Scalable Outer Approximation of Minkowski Sums of Matrix Ellipsoids for Data-Driven Control

TL;DR

This paper introduces a scalable, LMI-free method for outer approximation of Minkowski sums of matrix ellipsoids, enhancing data-driven control under uncertainty.

Contribution

It develops an analytical solution for one approximation criterion and an efficient MM algorithm for another, improving scalability and computational efficiency.

Findings

The method outperforms standard solvers in computational efficiency.

It provides exact solutions for the sum of squared semi-axes criterion.

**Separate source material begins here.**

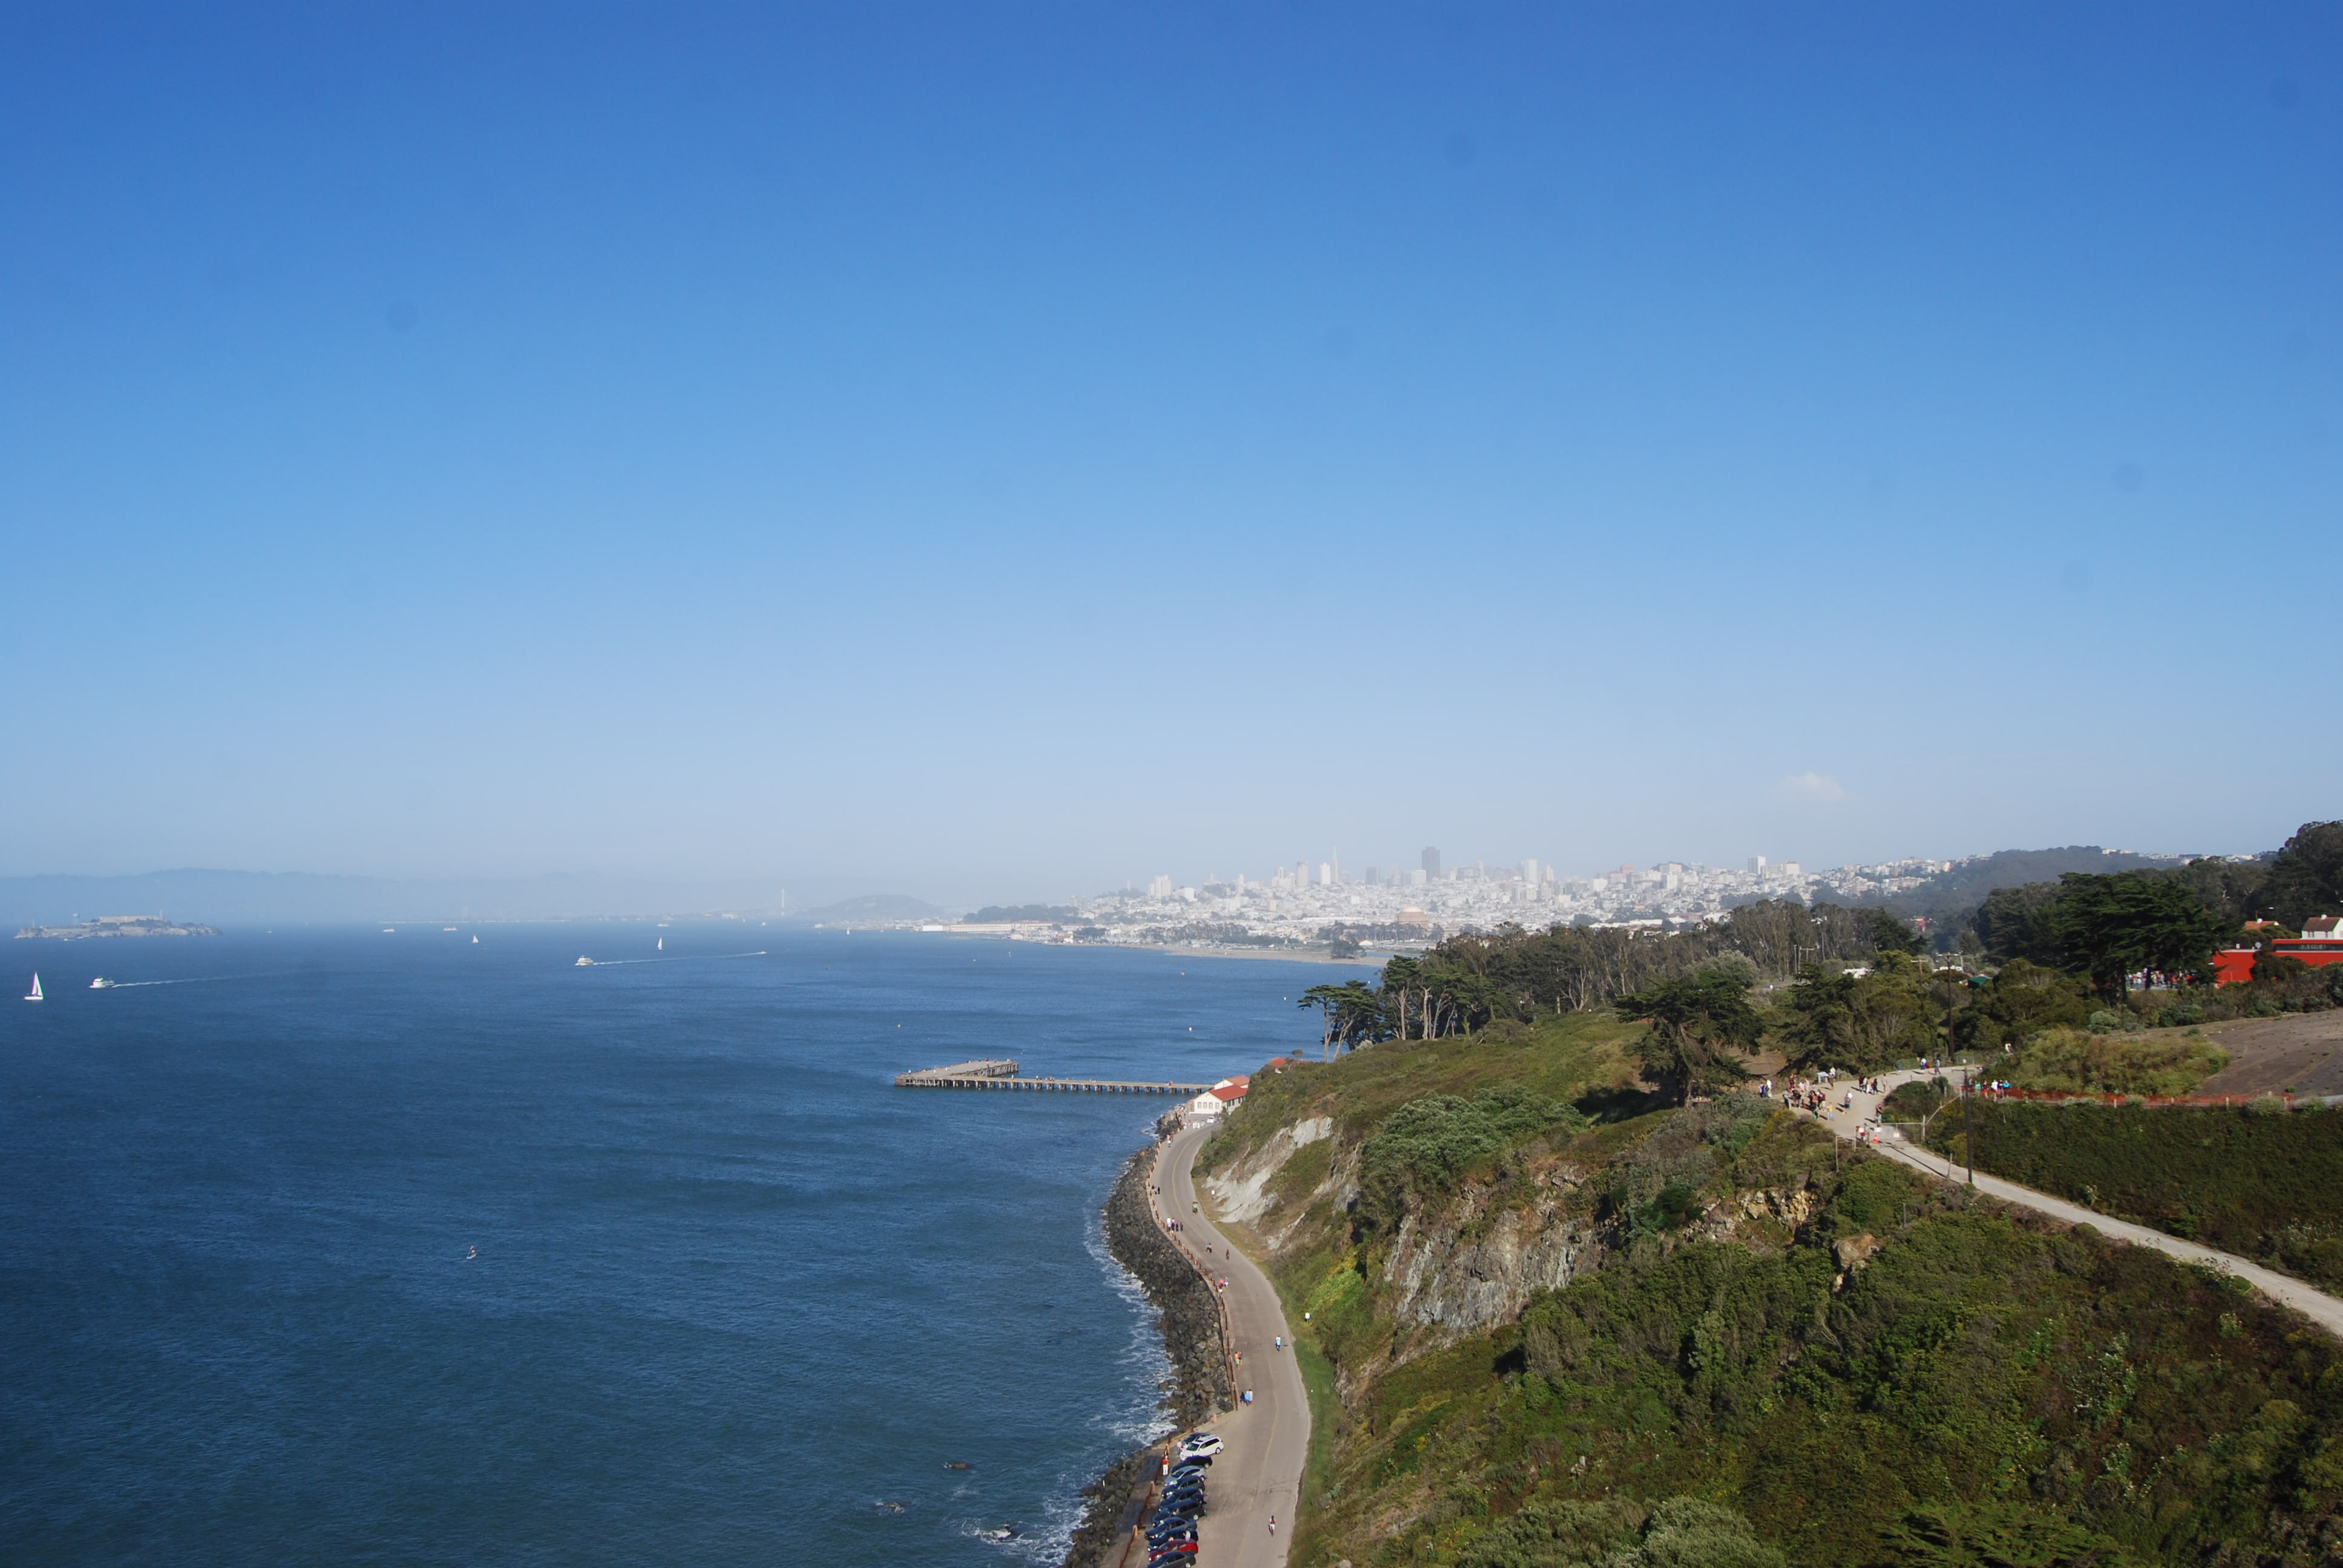 Ảnh 5: Vịnh San Francisco nhìn từ hướng Cầu cổng vàng

The MM algorithm converges monotonically to stationary points.

Abstract

Matrix ellipsoids provide a standard framework for representing bounded uncertainties in data-driven control. Since noise models for sequential observations are naturally represented as the Minkowski sum of multiple matrix ellipsoids, applying existing robust control methods, which typically assume a single ellipsoidal set, requires a tight outer approximation. While techniques based on linear matrix inequalities (LMI) are applicable, their computational cost grows quadratically with the data length, limiting their scalability. This paper investigates the optimal outer approximation problem under two criteria: the sum of squared semi-axes and the volume. We propose an LMI-free approach by introducing a parameterized family of bounding matrix ellipsoids. Specifically, we derive an exact analytical solution for the first criterion and develop an efficient majorization-minimization (MM) algorithm for the second. The proposed MM algorithm employs a first-order approximation of the log-determinant function to provide closed-form update rules, ensuring monotonic convergence to the set of stationary points. Numerical experiments demonstrate that our method offers significantly higher computational efficiency and scalability than standard interior-point solvers.